Starring Harold Lloyd and Mildred Davis
July 1922

This picture is to Harold Lloyd what "The Kid" was to Chaplin -- his first five reeler, his first real approach to a seriously dramatci subject and also the high water mark of his career.

In "Grandma's Boy," Lloyd appears as a mild young man, who is actually afraid of his own shadow. So pronounced does his cowardice become, that his little old grandmother decides to adopt drastic means to inject a little pep into his system. She tells him how his grandfather (also played by the energetic Harold, with side whiskers and square spectacles) outwitted the entire Unionn army during the Civil War. She even gives the boy the charm which had inspired his grandfather to do the trick. Armed with this, he goes out and tears up the community, capturing a dangerous criminal and beating out his formidable rival for the love of a sweet young blonde. (Yes, it is Mildred Davis.)

Words are inadequate to describe the various virtues of "Grandma's Boy." It is genuinely marvelous.

Starring Harold Lloyd and Mildred Davis
August, 1922

Summer months are not propitious for the release of productions which are considered anything of an event. Perhaps that is why "Grandma's Boy," the fist five-reel Harold Lloyd comedy, will not be released generally until the early fall. It is true that it has been shown in a few large cities, but these were only preview performances.

In the past the comedies of Harold Lloyd have won their reputation because they have kept the audience at a high tension throughout. There have always been thrills and laughs following fast upon one another. There have been no interims in the action. Naturally, such a state of affairs could not exist in "Grandma's Boy," which runs a little over an hour. It would be practically impossible to keep any audience on edge for that length of time. Emotions are very transitory.
Therefore, "Grandma's Boy" is not so amusing as the Lloydian comedies which have gone before. There are episodes as funny and even funnier than any which have been screened before ­ there are laughs galore and thrills aplenty. But, there are interims ­ interims which have previously been conspicuous by their absence.
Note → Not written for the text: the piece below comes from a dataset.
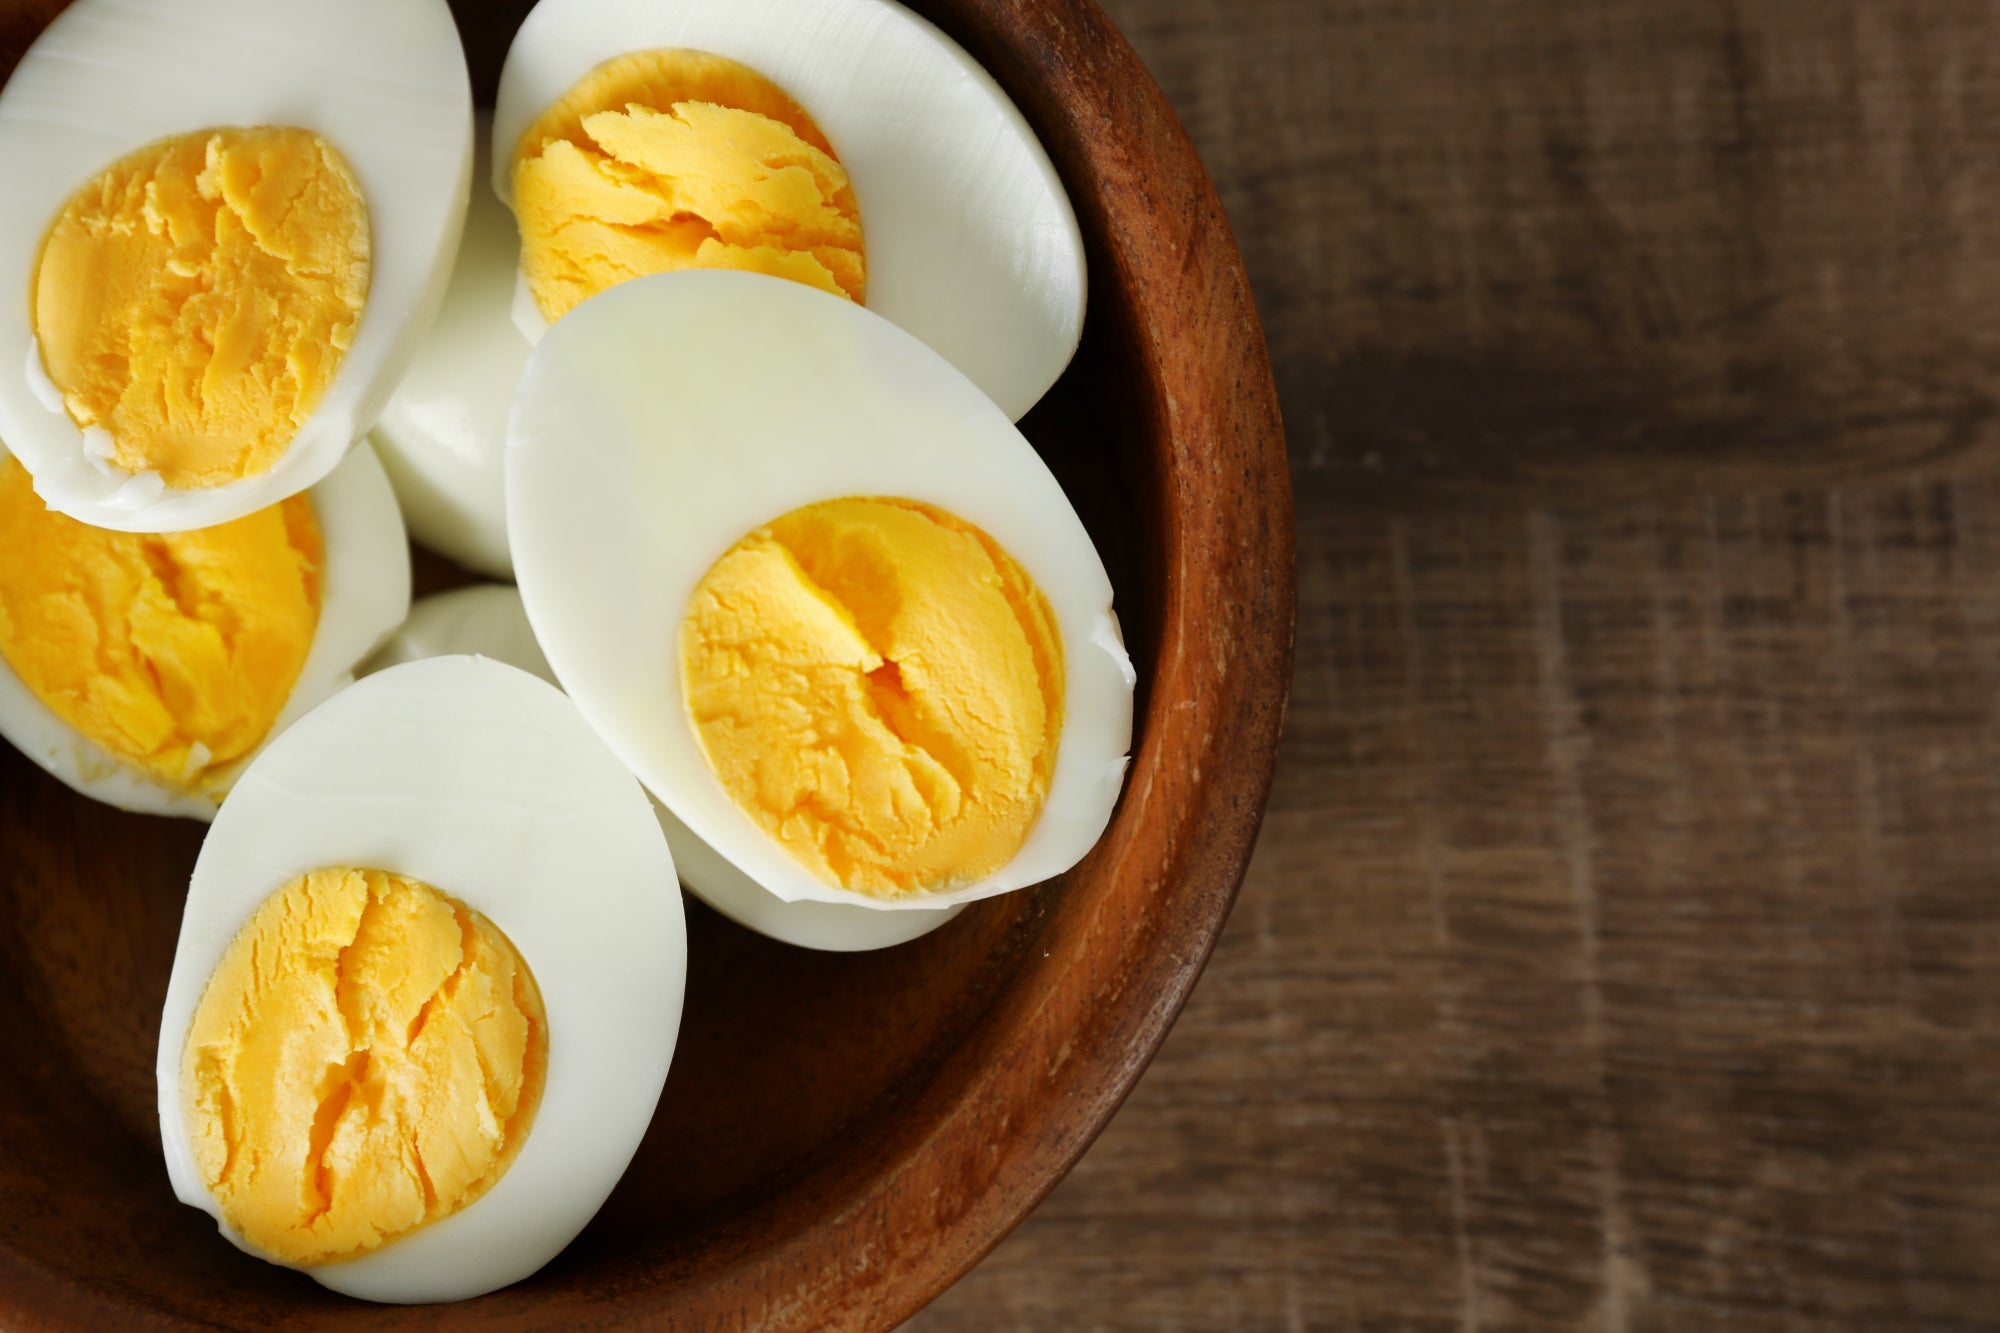 Cuire des œufs à la coque faciles à éplucher.

The theme deals with a youth, Harold by name, who is a frightful coward. He is terrorized a good part of the time and mortified because of his fear the rest of the time. His grandmother realizes his despair and tells him a story of his grandfather who overcame a similar cowardice during the Civil War. Harold takes the charm which his grandmother explains cured his grandfather of his fear and goes forth to conquer the multiple things which terrorized him in the past. Thanks to the charm ­ or fortuitous circumstances ­ he inevitably becomes the hero of the town.

Above everything else in the picture, we remember the episode in which Harold mistakes a camphor ball for a candy. Often Harold Lloyd's comedies have been compensation for the mediocre feature production on the same program. For this reason, if not because we think they adapt themselves better as short subjects, we hope that Mr. Lloyd will not continue making long subjects.